The Boston Dynamics robot known as Spot has been deployed to a park in Singapore to remind people they should follow social distancing guidelines during the pandemic, according to a new report from Singapore’s top government technology agency. And it almost feels like the robots are there to taunt us as this point, because unlike robots, humans can die from disease.

The new four-legged robot, which was set loose today in Bishan-Ang Mo Kio park, broadcasts a message reminding visitors they need to stay away from other humans, as covid-19 poses a very serious threat to our health. Spot was made available for purchase by businesses and governments last year and has specially designed cameras to make sure it doesn’t run into things.

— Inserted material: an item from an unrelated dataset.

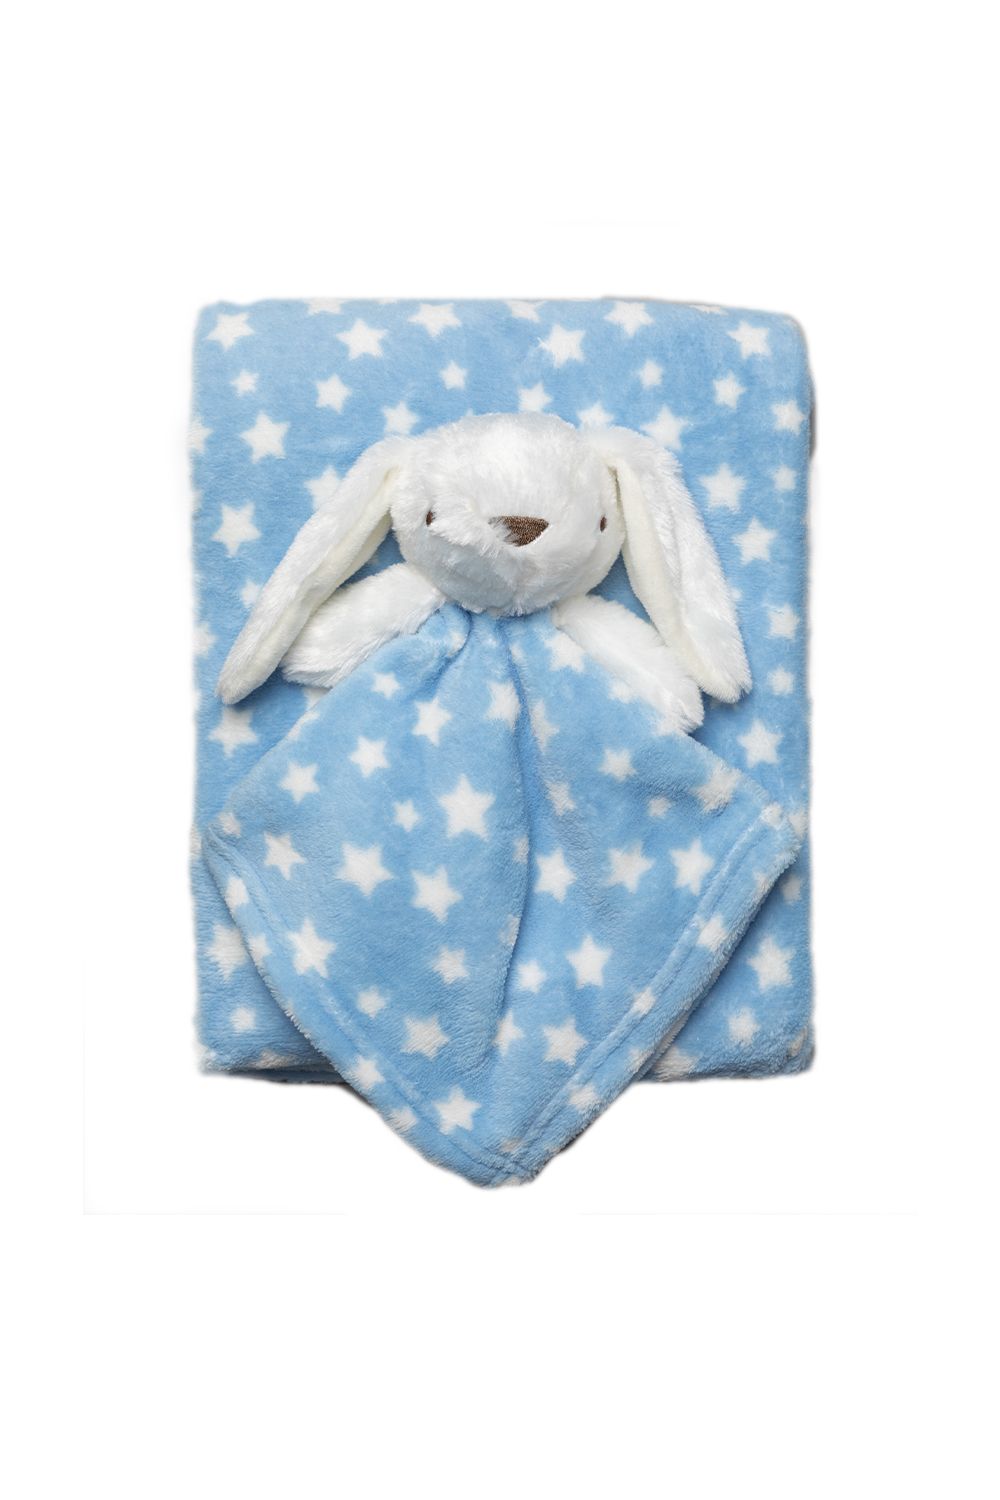 This adorable Snuggle Tots comforter and blanket set make the perfect gift for the little one in your life. The two-piece set features a gorgeous, fluffy blanket with a white star print all over, and a comforter with the same print with a cuddly bunny toy attached. This set makes a lovely baby shower present.

“These cameras will not be able to track and/or recognize specific individuals, and no personal data will be collected,” according to a press release from Singapore’s GovTech agency.

The Spot model being trialed today has been outfitted with custom software developed by GovTech to estimate how many people are in the park at any given time. The trial of Spot will last through May 22 and an employee of Singapore’s National Parks Board (NParks) will keep a close eye on the robot during this test period.

Video of the Spot robot, available on YouTube from the Strait Times, shows the little guy sauntering through the park today.

Technically, Spot can climb stairs and has a payload capacity of 30 pounds, but it doesn’t look like the little robot has to do any heavy lifting at the park. At least until someone decides Spot should start enforcing social distancing rather than just reminding people that it’s a good idea.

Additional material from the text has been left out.